Here is a listing. Write it all out again exactly, but not its pictures.

## Supplied material
----
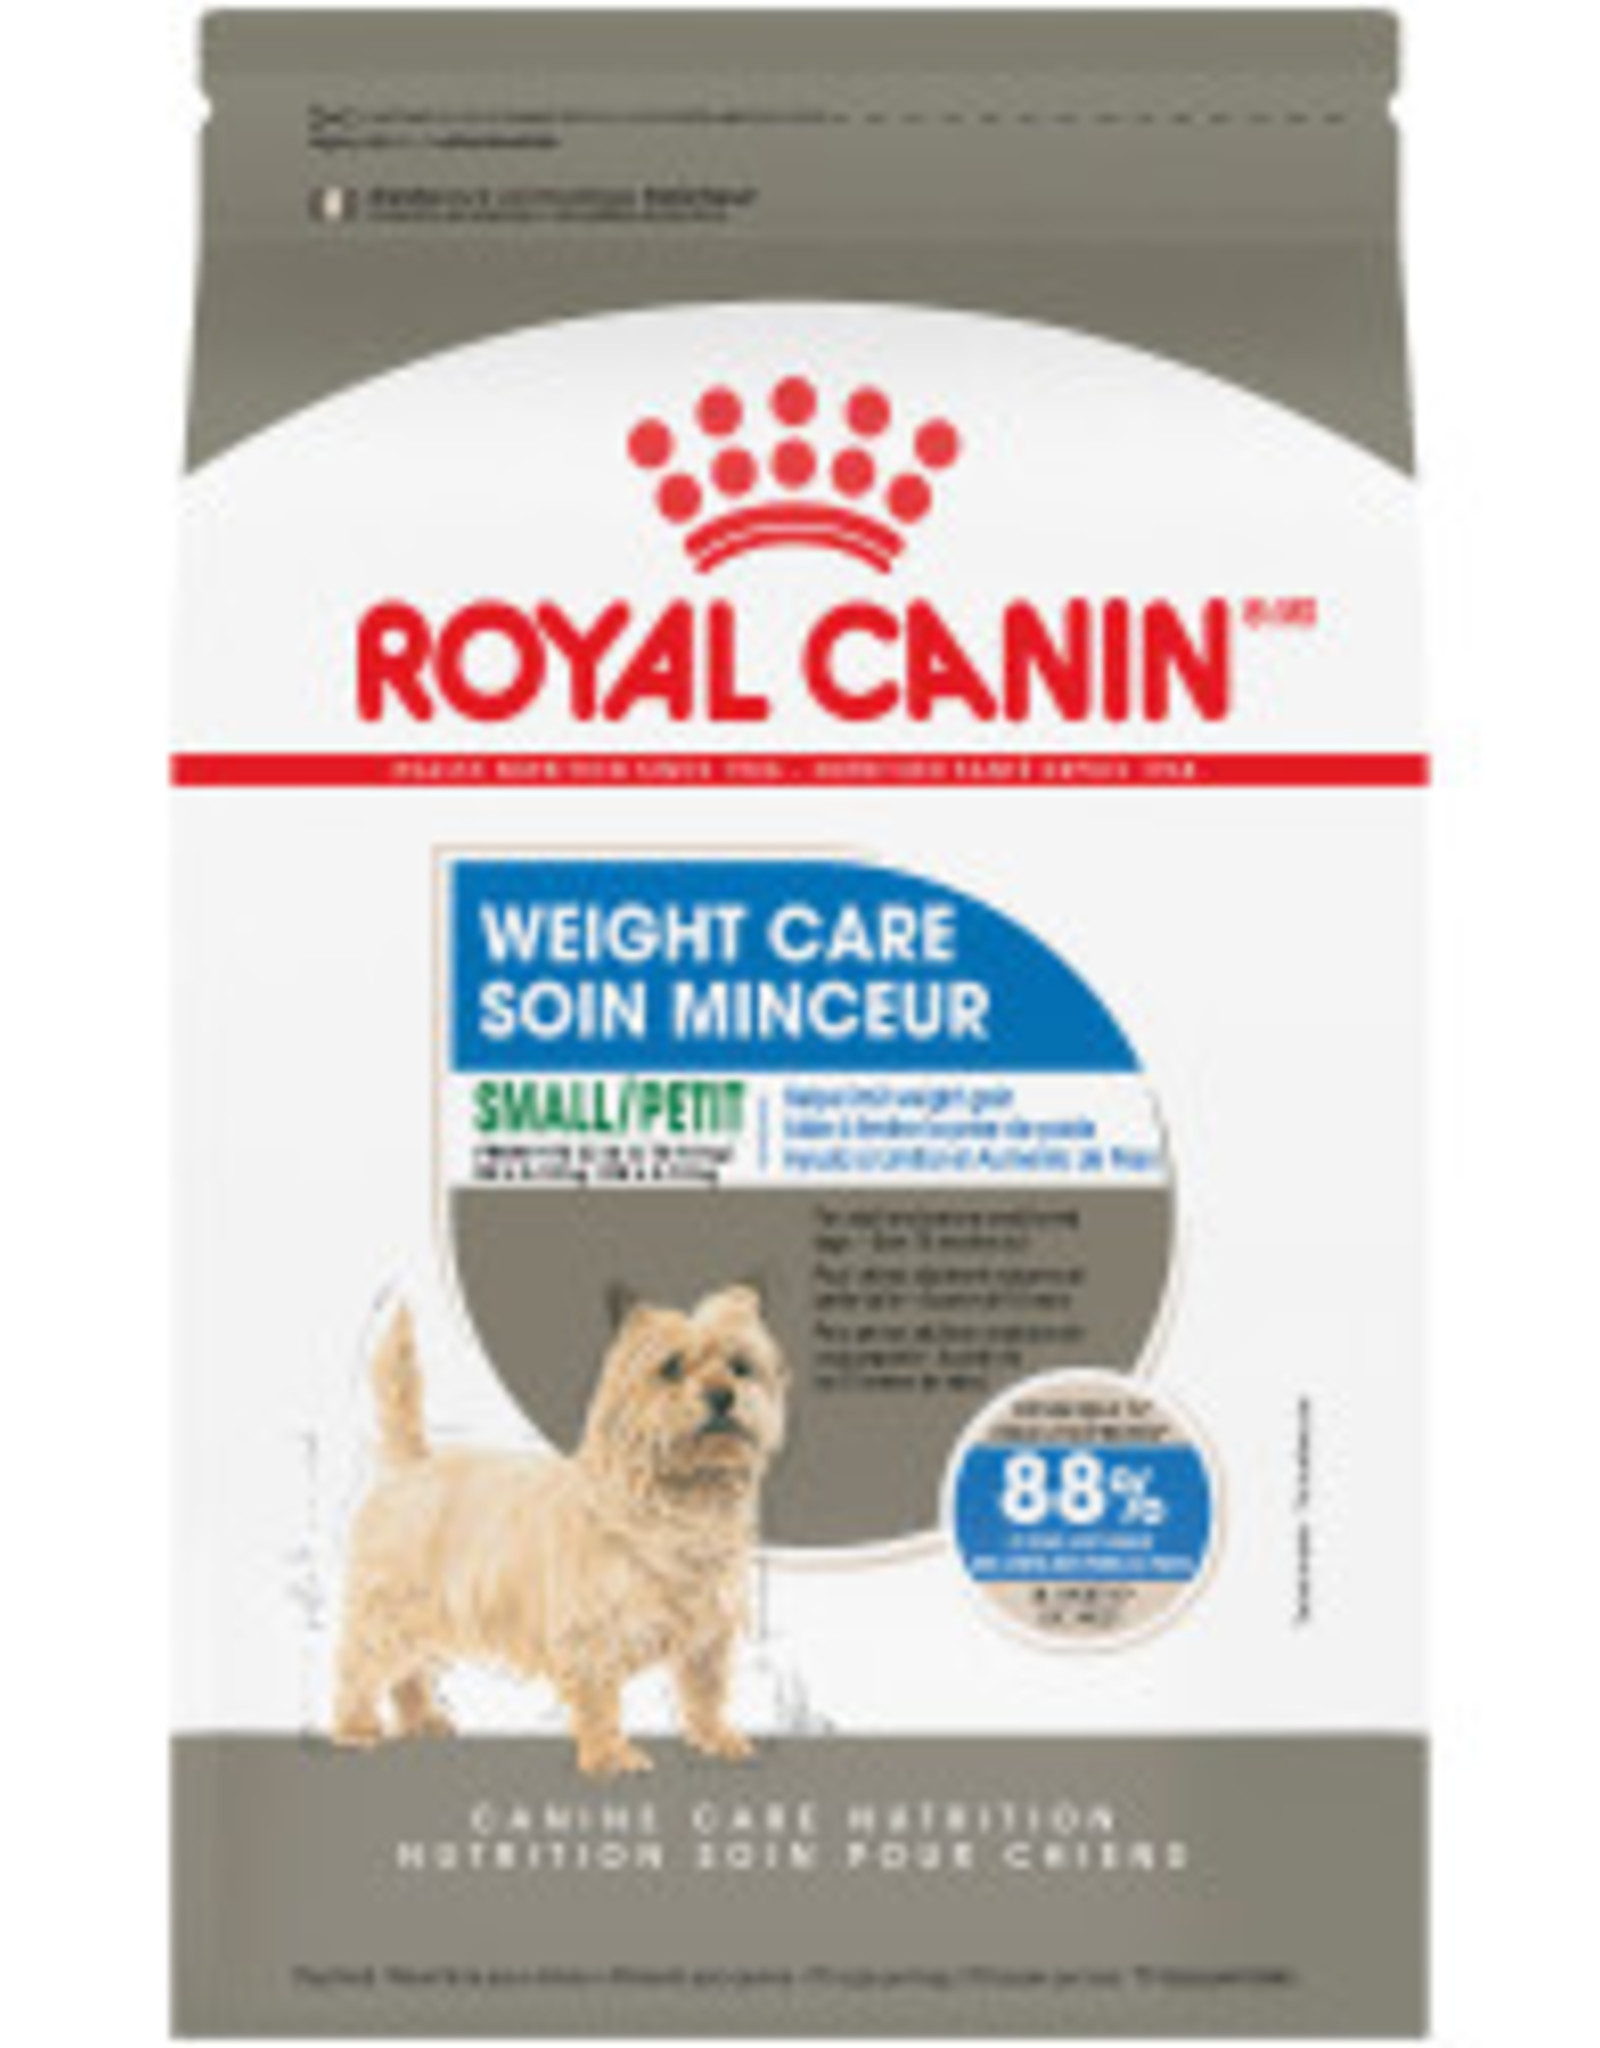 ROYAL CANIN ROYAL CANIN DOG SMALL WEIGHT CARE 2.5LBS
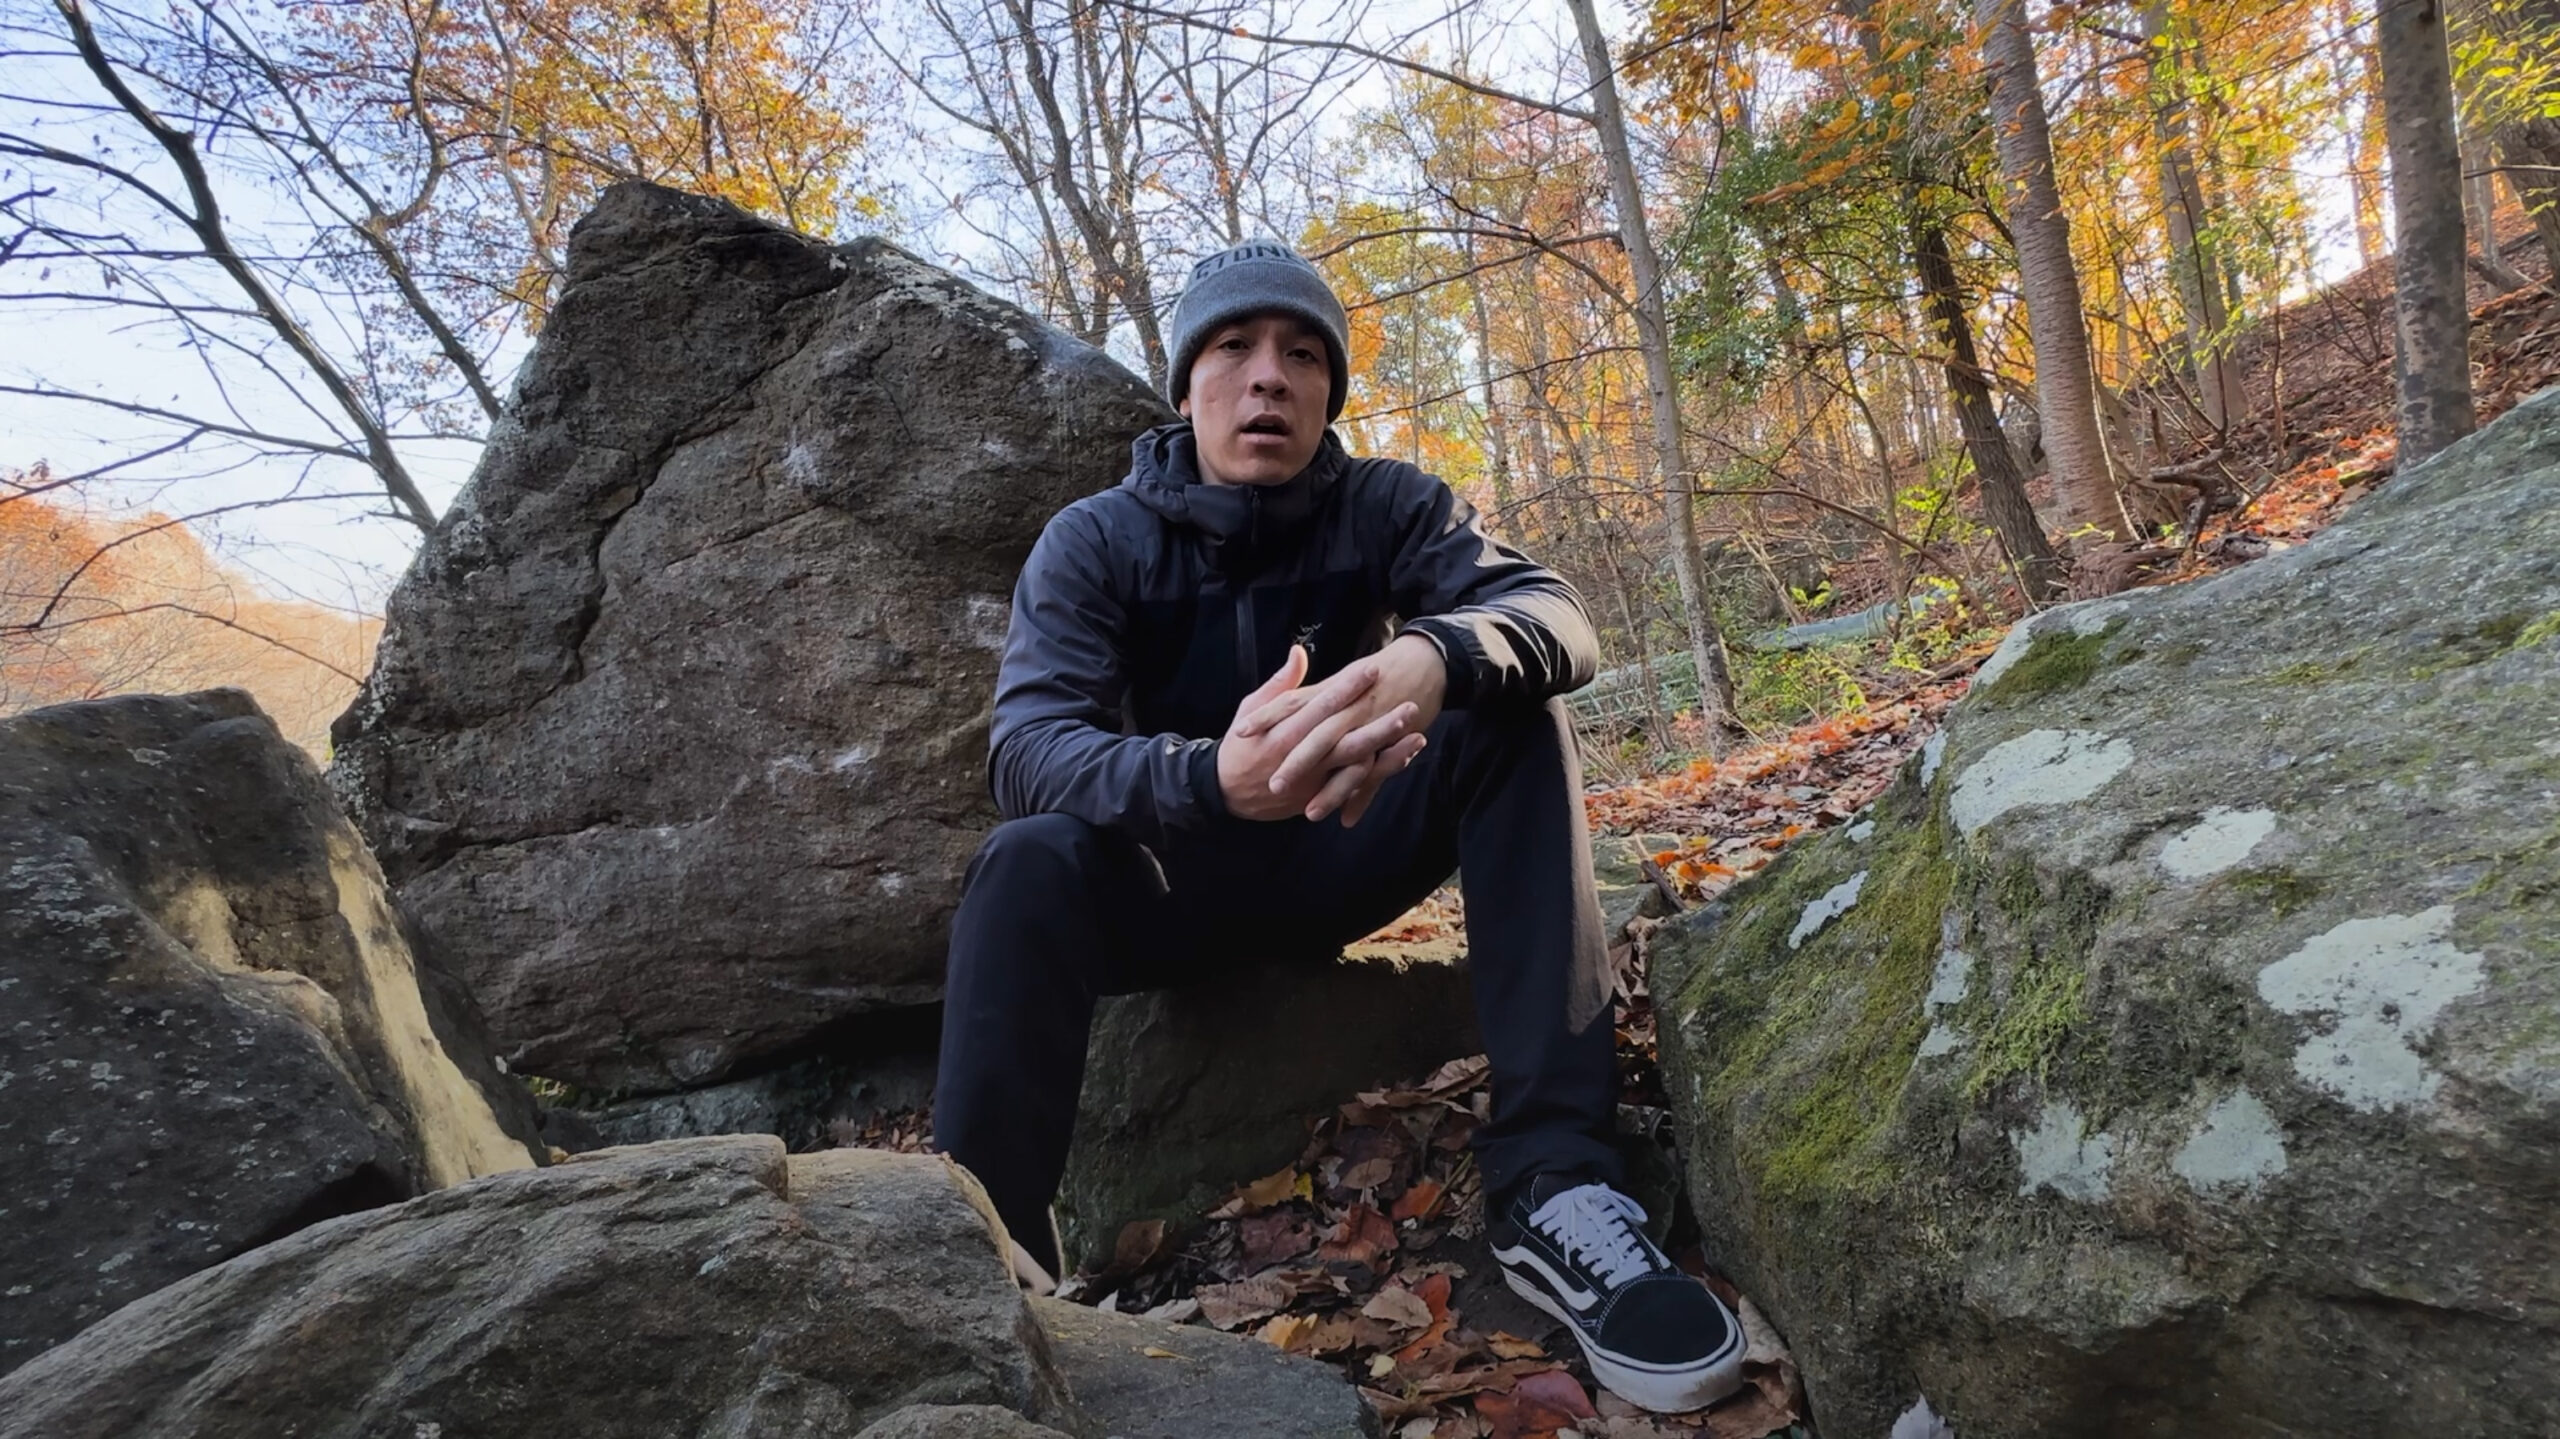 Jared Lenahan sitting on a rock looking at the camera wearing a hat and a jacket
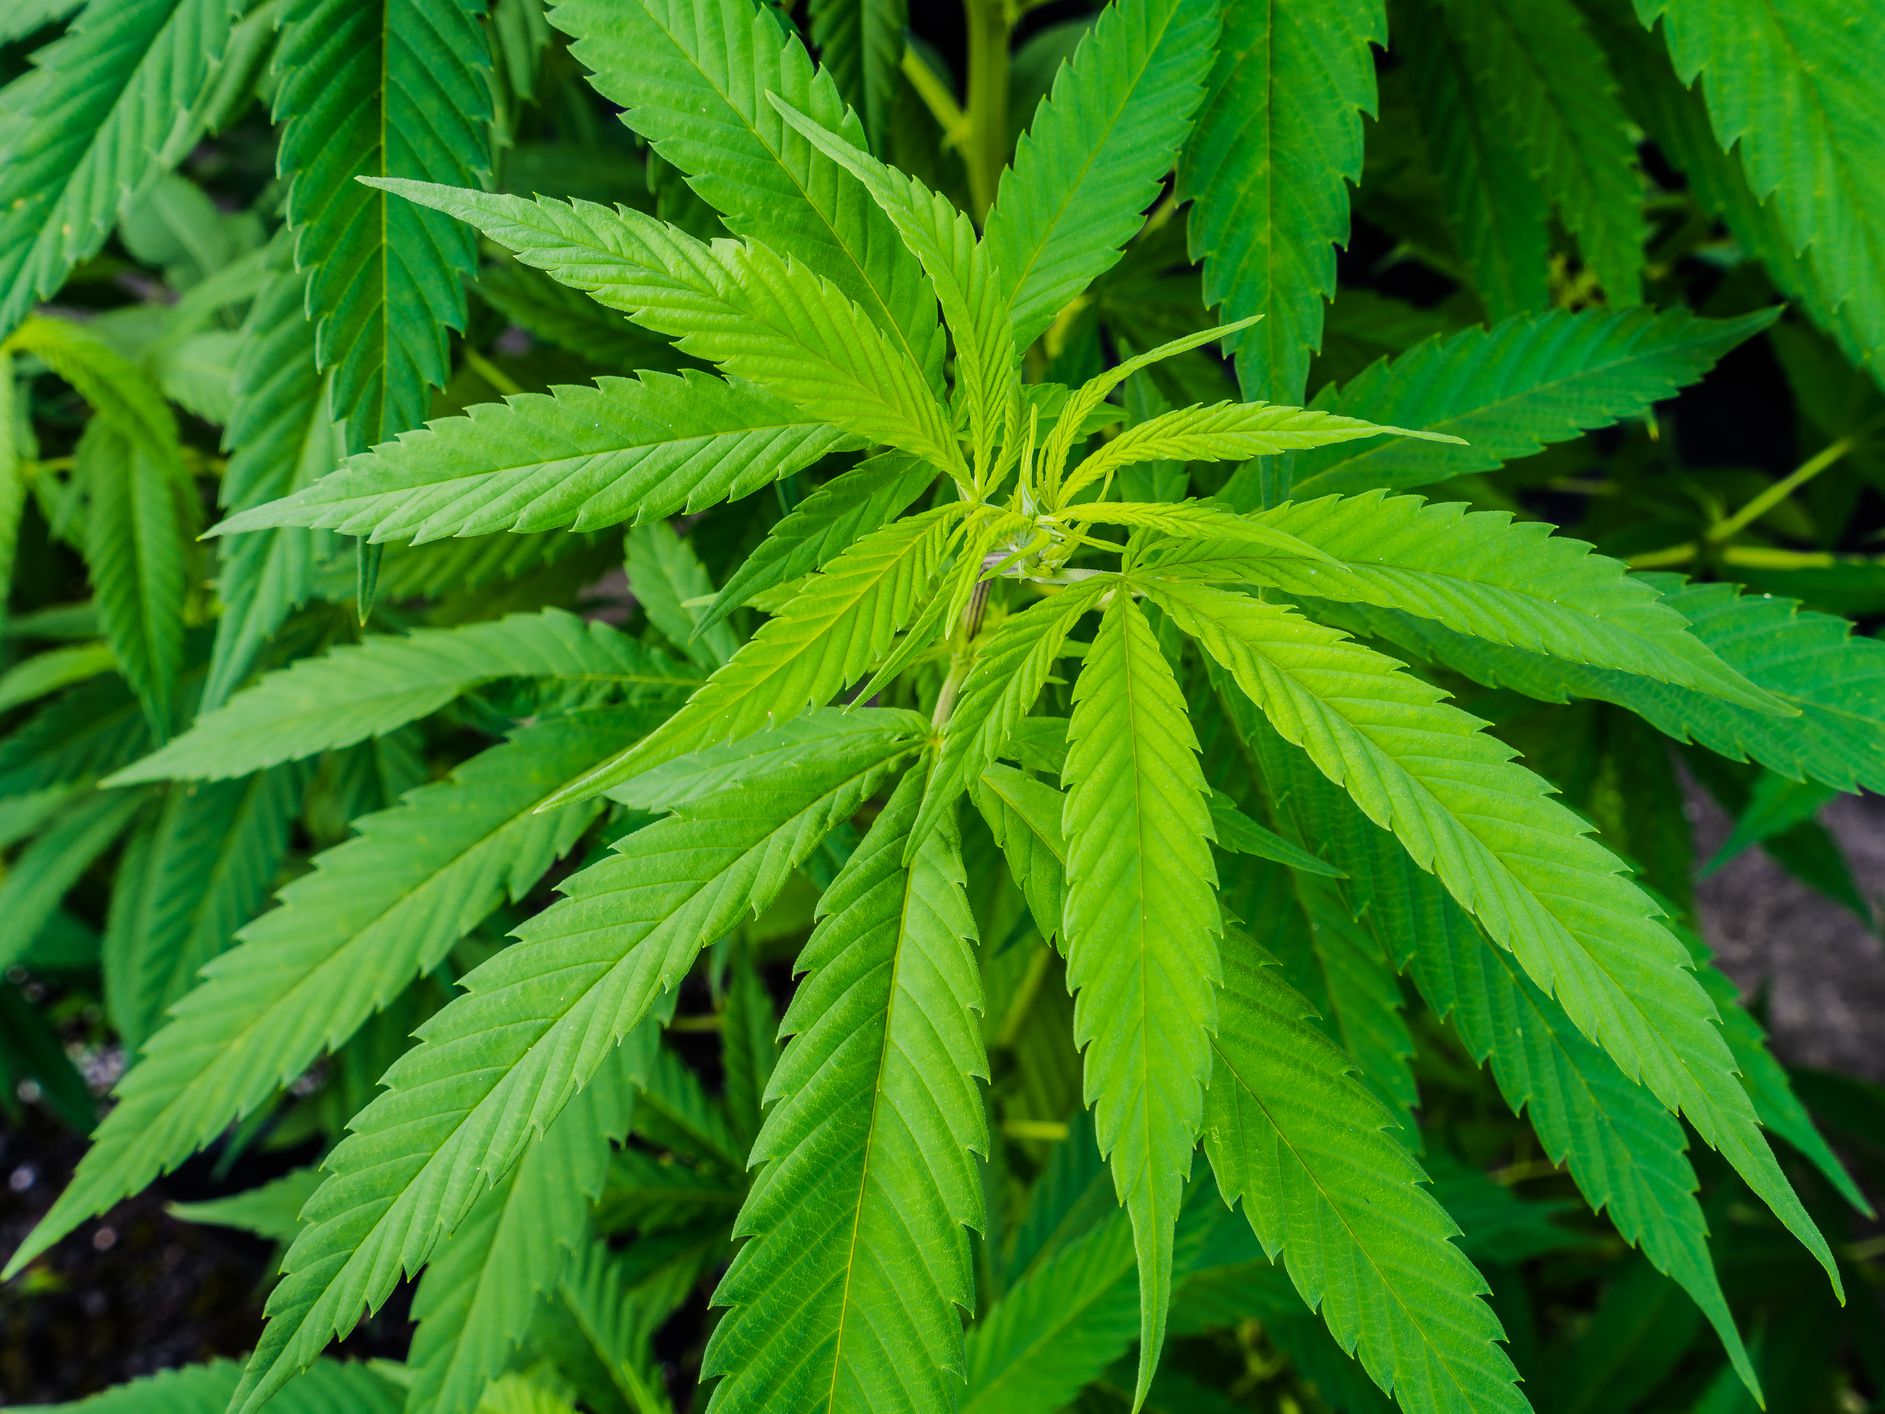 At 34% CAGR Rise, Global Industrial Hemp Market Size Value Anticipated USD 36 Billion by 2026: Report by Facts & Factors
----
## Response to the exercise
 ROYAL CANIN ROYAL CANIN DOG SMALL WEIGHT CARE 2.5LBS
 Jared Lenahan sitting on a rock looking at the camera wearing a hat and a jacket
 At 34% CAGR Rise, Global Industrial Hemp Market Size Value Anticipated USD 36 Billion by 2026: Report by Facts & Factors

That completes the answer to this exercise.